FRIDAY, Nov. 5 (HealthDay News) -- Vitamin E supplementation appears to be associated with a 10 percent reduction in the risk for ischemic stroke but a 22 percent increase in the risk for hemorrhagic stroke, according to research published Nov. 4 in BMJ.
Markus Schurks, M.D., of Brigham and Women's Hospital in Boston, and colleagues conducted a meta-analysis of nine randomized, placebo-controlled trials including 118,765 participants (59,357 randomized to vitamin E and 59,408 to placebo) to evaluate the impact of vitamin E on incident total, ischemic, and hemorrhagic stroke.
The researchers found that, in subjects taking vitamin E, the risk of ischemic stroke fell (pooled relative risk, 0.90), but the risk for hemorrhagic stroke increased (pooled relative risk, 1.22). They identified an absolute risk of one hemorrhagic stroke for every 1,250 people taking vitamin E, and avoidance of one ischemic stroke for every 476 people taking vitamin E.

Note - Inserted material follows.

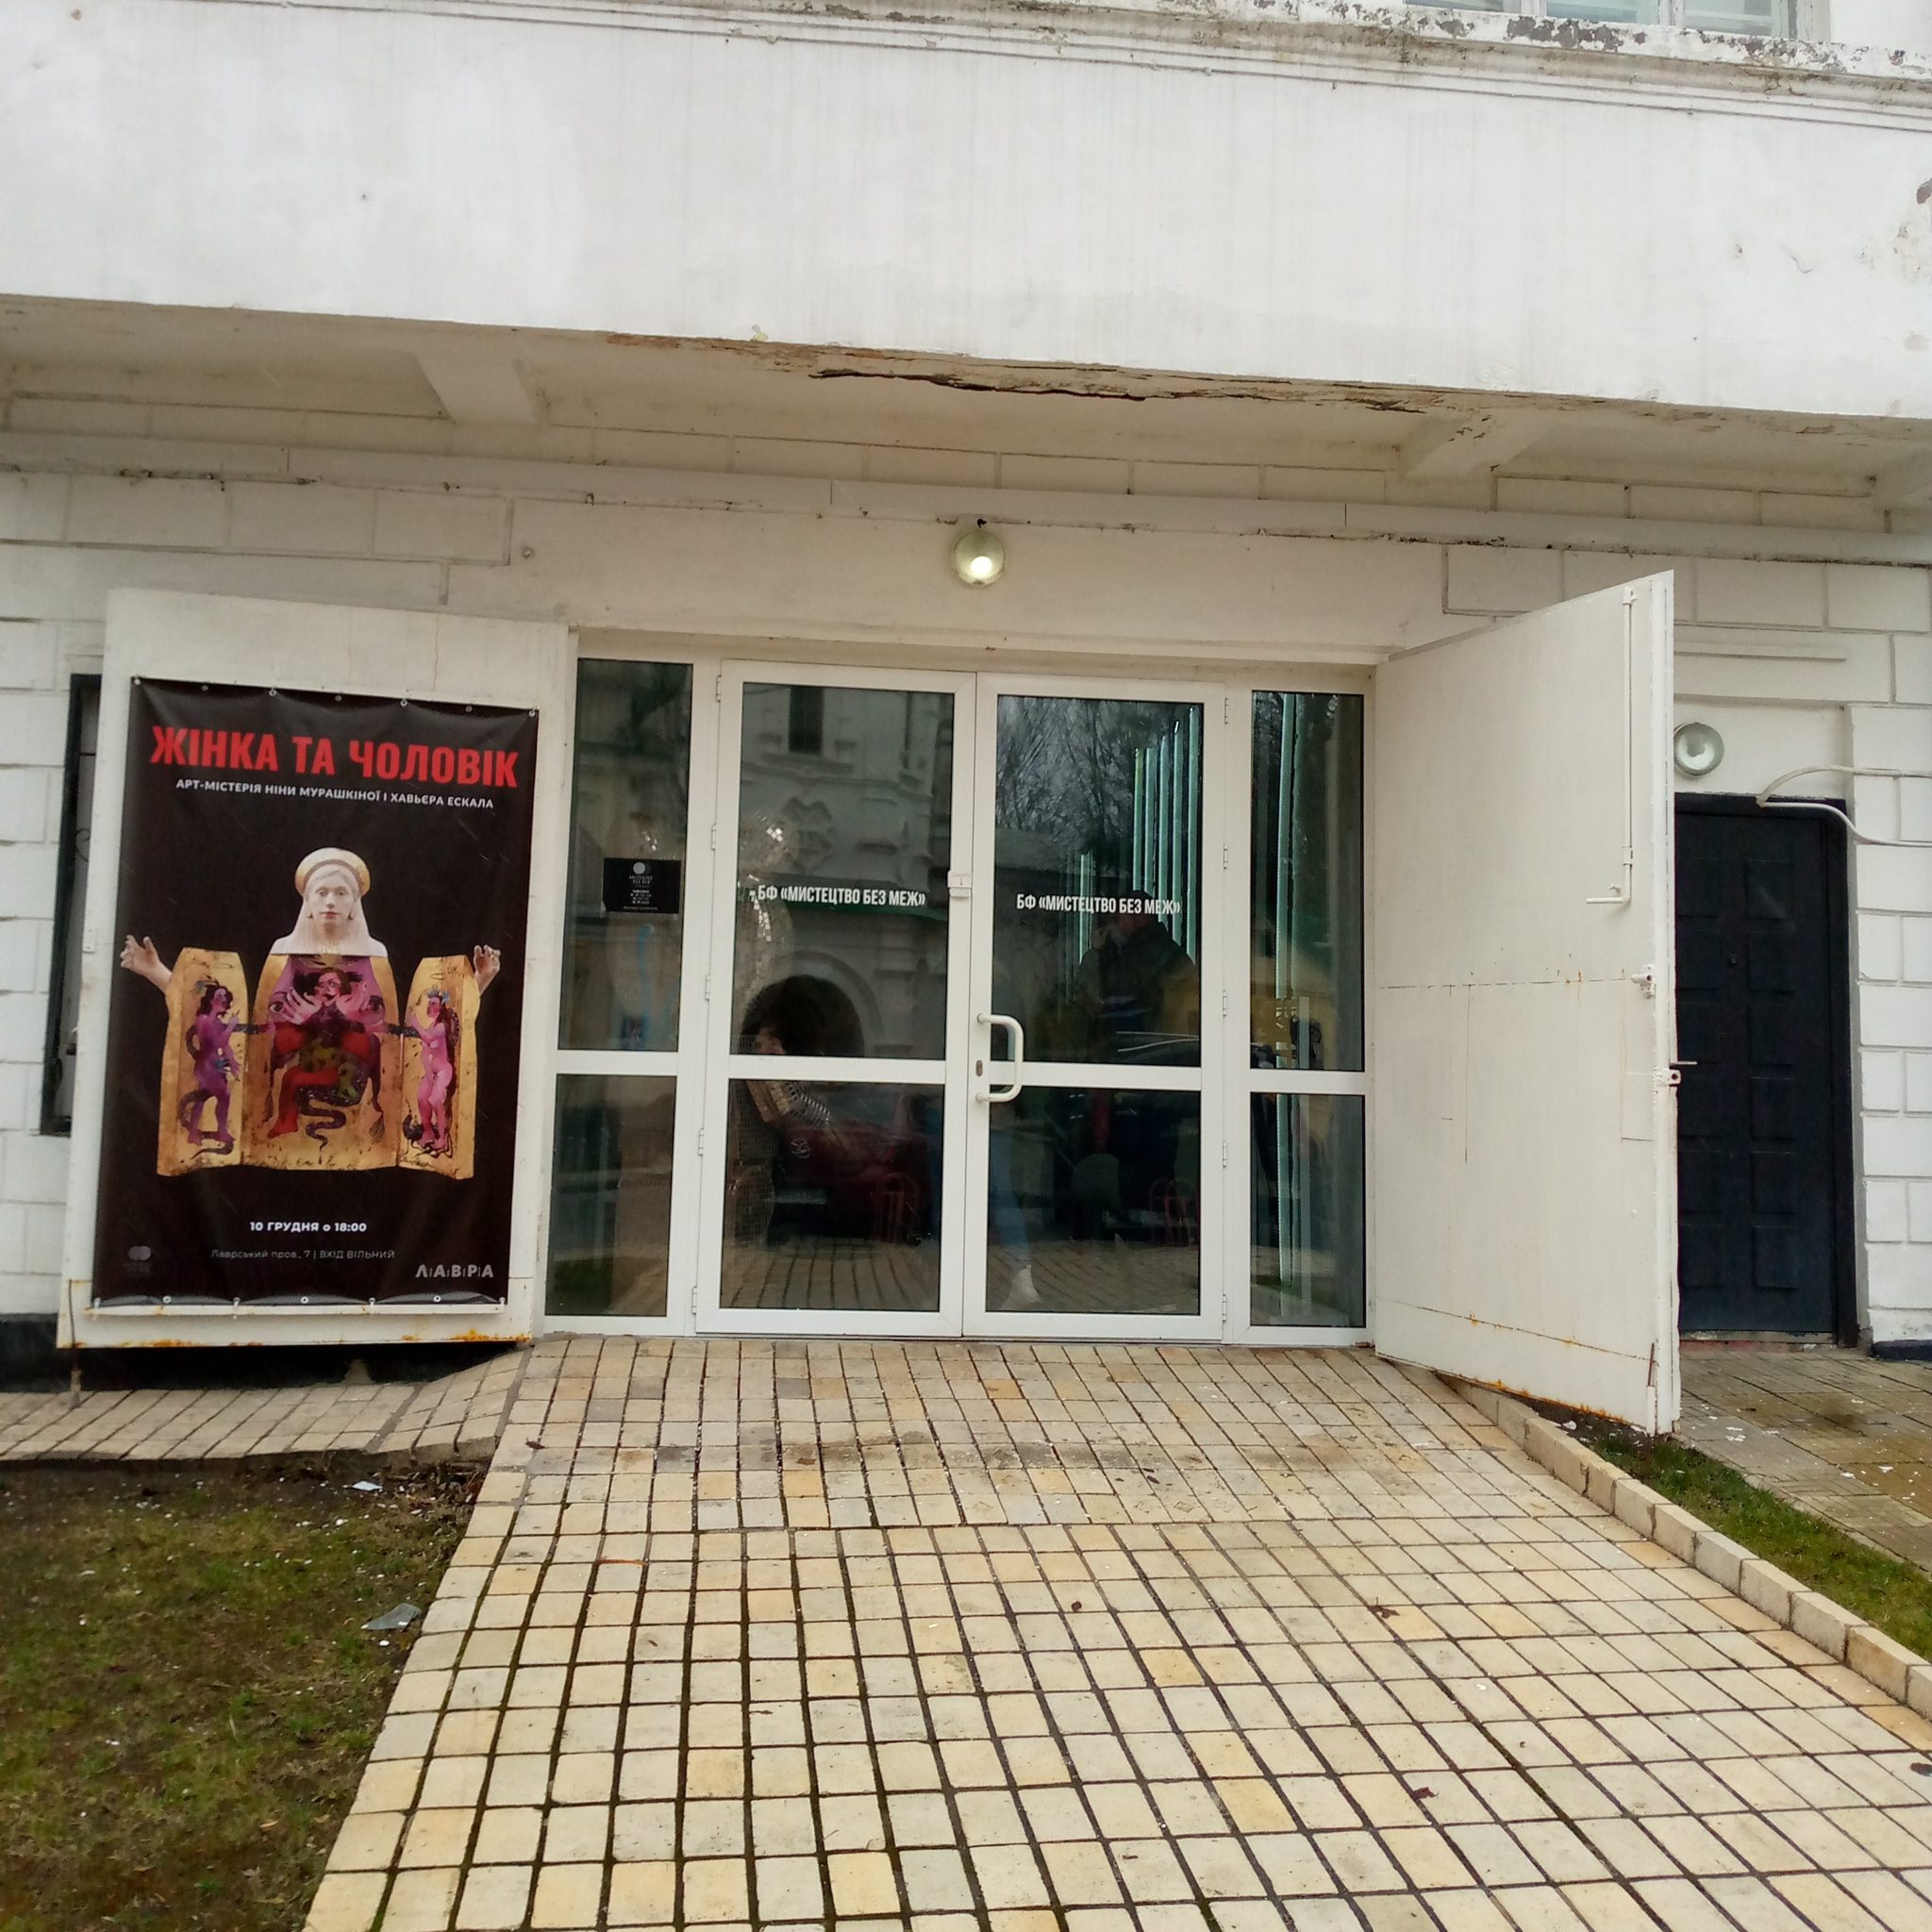 Mironova Gallery, a Driving Force for the Development of Ukrainian Art

"In this meta-analysis, vitamin E increased the risk for hemorrhagic stroke by 22 percent and reduced the risk of ischemic stroke by 10 percent. This differential risk pattern is obscured when looking at total stroke. Given the relatively small risk reduction of ischemic stroke and the generally more severe outcome of hemorrhagic stroke, indiscriminate widespread use of vitamin E should be cautioned against," the authors write.